India’s apex drug regulator is set to remove the requirement for pharmaceutical exporters to obtain an Export No Objection Certificate (NOC) for shipments destined for countries recognised as having Stringent Regulatory Authorities (SRAs), a move expected to streamline trade and boost competitiveness in global markets.
At the 11th Global Pharmaceutical Quality Summit, the Drugs Controller General of India (DCGI) announced that the requirement for exporters to secure an NOC before sending drugs to major markets — including the US, UK, EU, Japan, Australia and Canada — will be discontinued. Under the updated system, exporters will only need to submit a notification and will receive an auto-generated acknowledgment from the regulator.
Industry experts welcomed the reform as a significant reduction in procedural delays that have long burdened Indian drug manufacturers and slowed shipment clearances. Previously, exporters had to apply for an annual NOC from the Central Drugs Standard Control Organisation (CDSCO), even when the importing country already had its own regulatory approval processes, a requirement that critics said often duplicated efforts and increased compliance costs.

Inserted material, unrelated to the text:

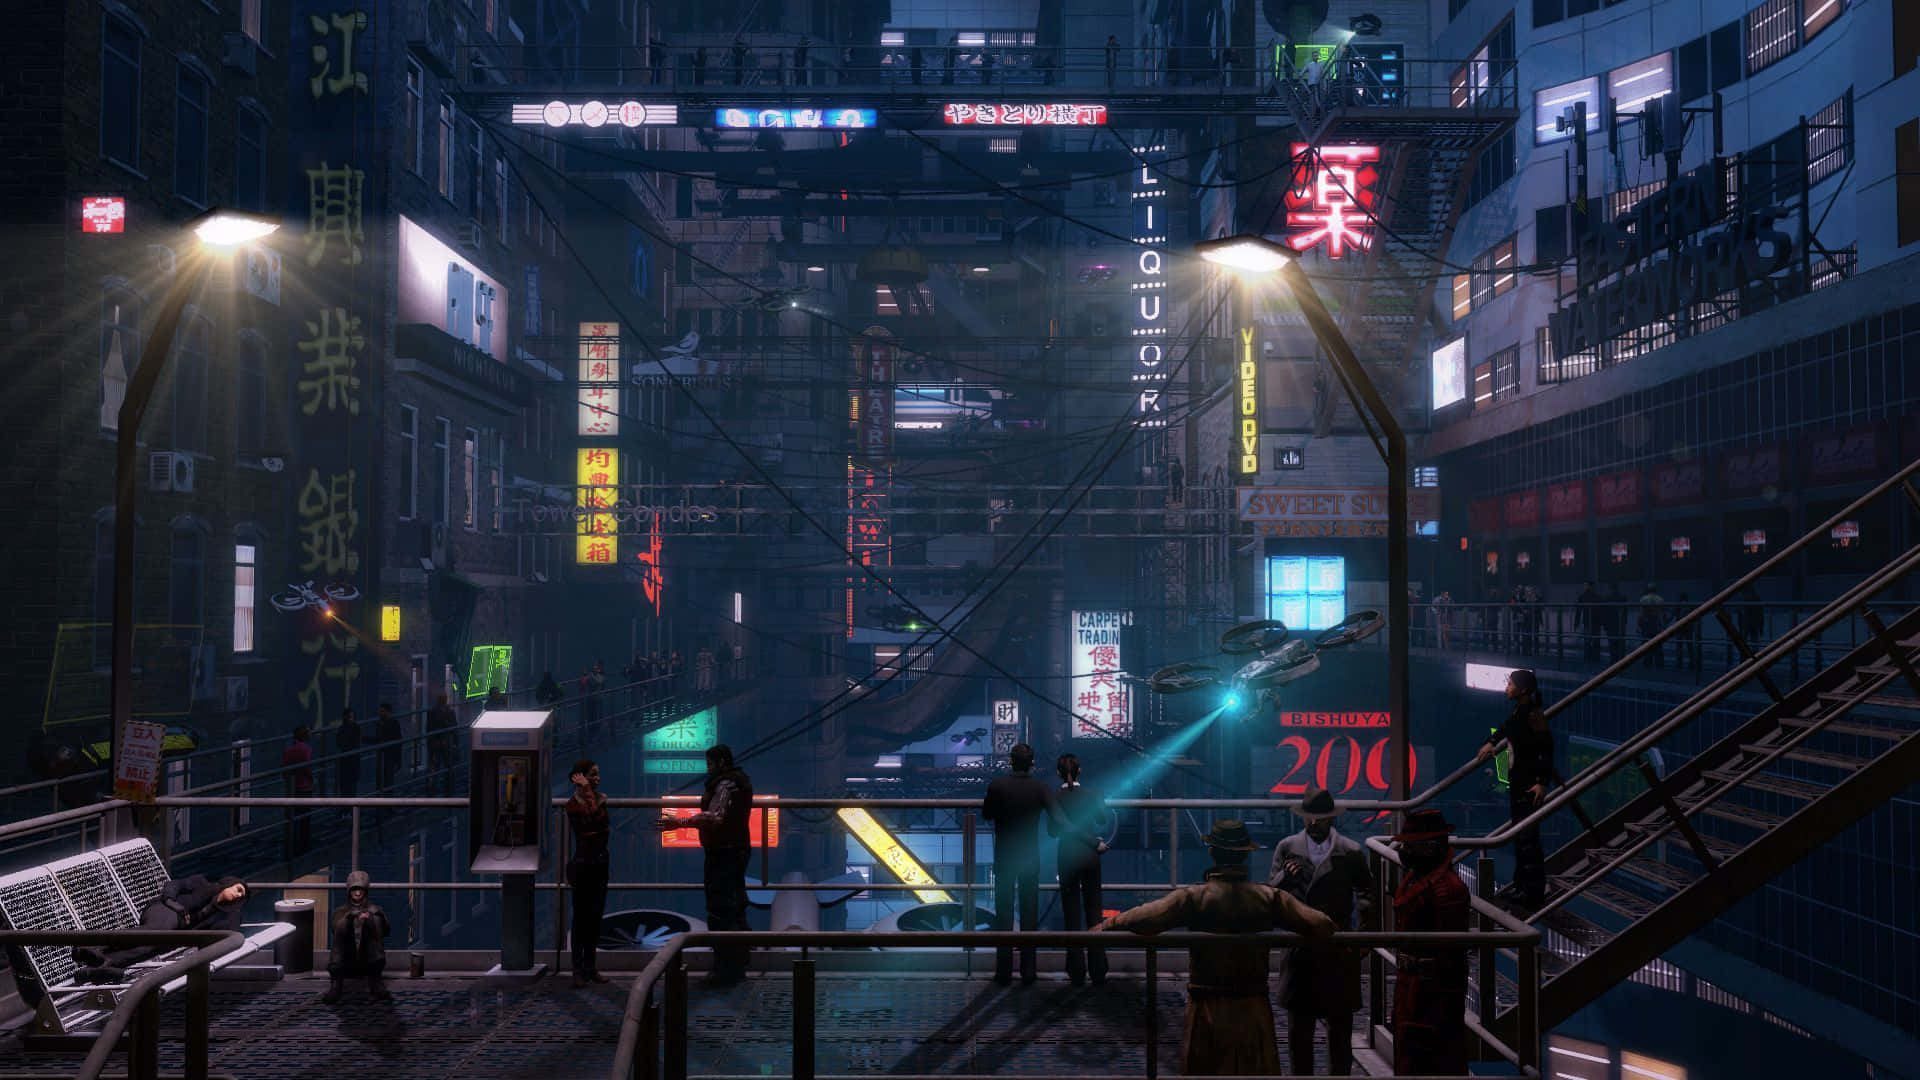 Sumérgeteen Un Mundo Distópico De Arte Pixelado Cyberpunk. Fondo de pantalla

The easing of the NOC norm aligns with broader regulatory reforms aimed at improving ease of doing business for India’s pharmaceutical sector. Alongside this change, the regulator has already reduced review timelines for clinical research approvals and eliminated certain low-risk authorisation requirements — part of a wider shift toward risk-calibrated oversight that focuses regulatory resources on areas with higher public health implications.
The reform also comes as India’s drug regulator intensifies quality enforcement across the industry, including upgraded compliance inspections and revised manufacturing standards, to enhance global confidence in Indian pharmaceutical exports.
Pharma exporters hope the removal of the export NOC requirement will cut administrative bottlenecks and reinforce India’s position as a leading global supplier of medicines, particularly in competitive markets with stringent regulatory norms.